Migration 7.5x2 to 8.0

Raftsman · Post by **Raftsman** » Fri Mar 16, 2007 6:30 am

We migrated to the new version of Datastage and received a few issues that we can't seem to resolve.

1. After the migration, none of our DS datasets that we created in 7.5 could be found or read by 8.0. Is there a migration routine for datasets?

2. Smaller jobs consisting of 5 to 10 stages work fine in 7.5 and 8.0 but jobs that contain more than this and worked in 7.5 abort in 8.0. We received node failure errors. Is there configuration parameters that need modifying? The error messages are very vague and really don't tell us where to start looking. Has anyone experienced this?

Thanks

ray.wurlod · Post by **ray.wurlod** » Fri Mar 16, 2007 1:39 pm

Data Sets don't migrate. Why would you want to? You normally overwrite them each run anyway. There is a post by kali recently on the question of how to migrate Data Sets, but no useful reply. I don't know of a reliable way to move them.

Can't help with your second point, as I still have not played with version 8.0.

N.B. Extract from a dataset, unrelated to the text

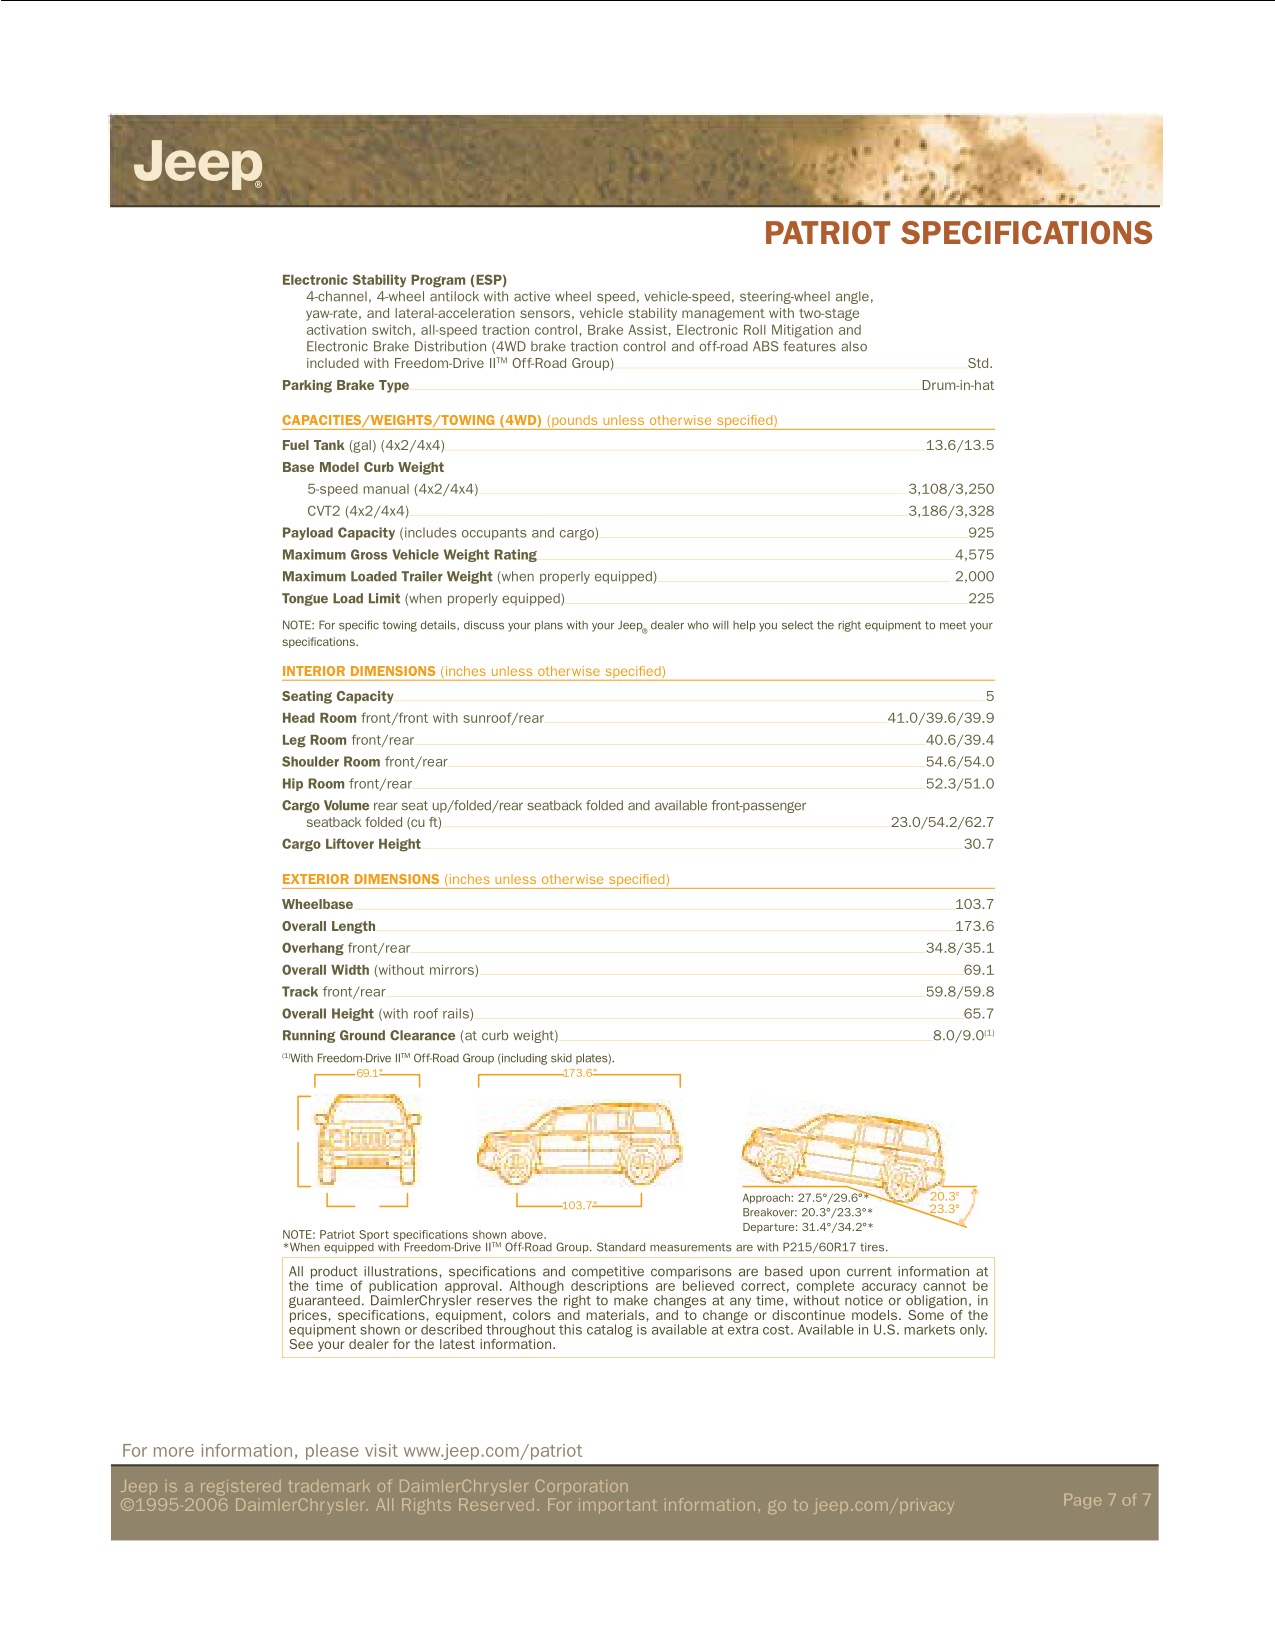 2007 Jeep Patriot Brochure Page 3

DSguru2B · Post by **DSguru2B** » Fri Mar 16, 2007 2:07 pm

Best to get in touch with support as 8.0 is still new in the market and not very many users.

lstsaur · Post by **lstsaur** » Fri Mar 16, 2007 2:57 pm

How much RAM and how many CPUs that you have on the machine? I was told by IBM support during my Hawk Beta 2 testing that large jobs or too many jobs (1,000 or more), you need "at least" 4GB of RAM. Otherwsie, your jobs might get aborted.

ray.wurlod · Post by **ray.wurlod** » Fri Mar 16, 2007 6:31 pm

One of the presenters at IOD 2006 also mentioned that your client machine needs 2GB minimum memory.

How much is needed on the server side depends on how you distribute the various server components. For example, you can have the Application Server, the Domain Server and the database server all on one (heavy duty) machine or on multiple machines. Such is the flexibility of service-oriented architecture.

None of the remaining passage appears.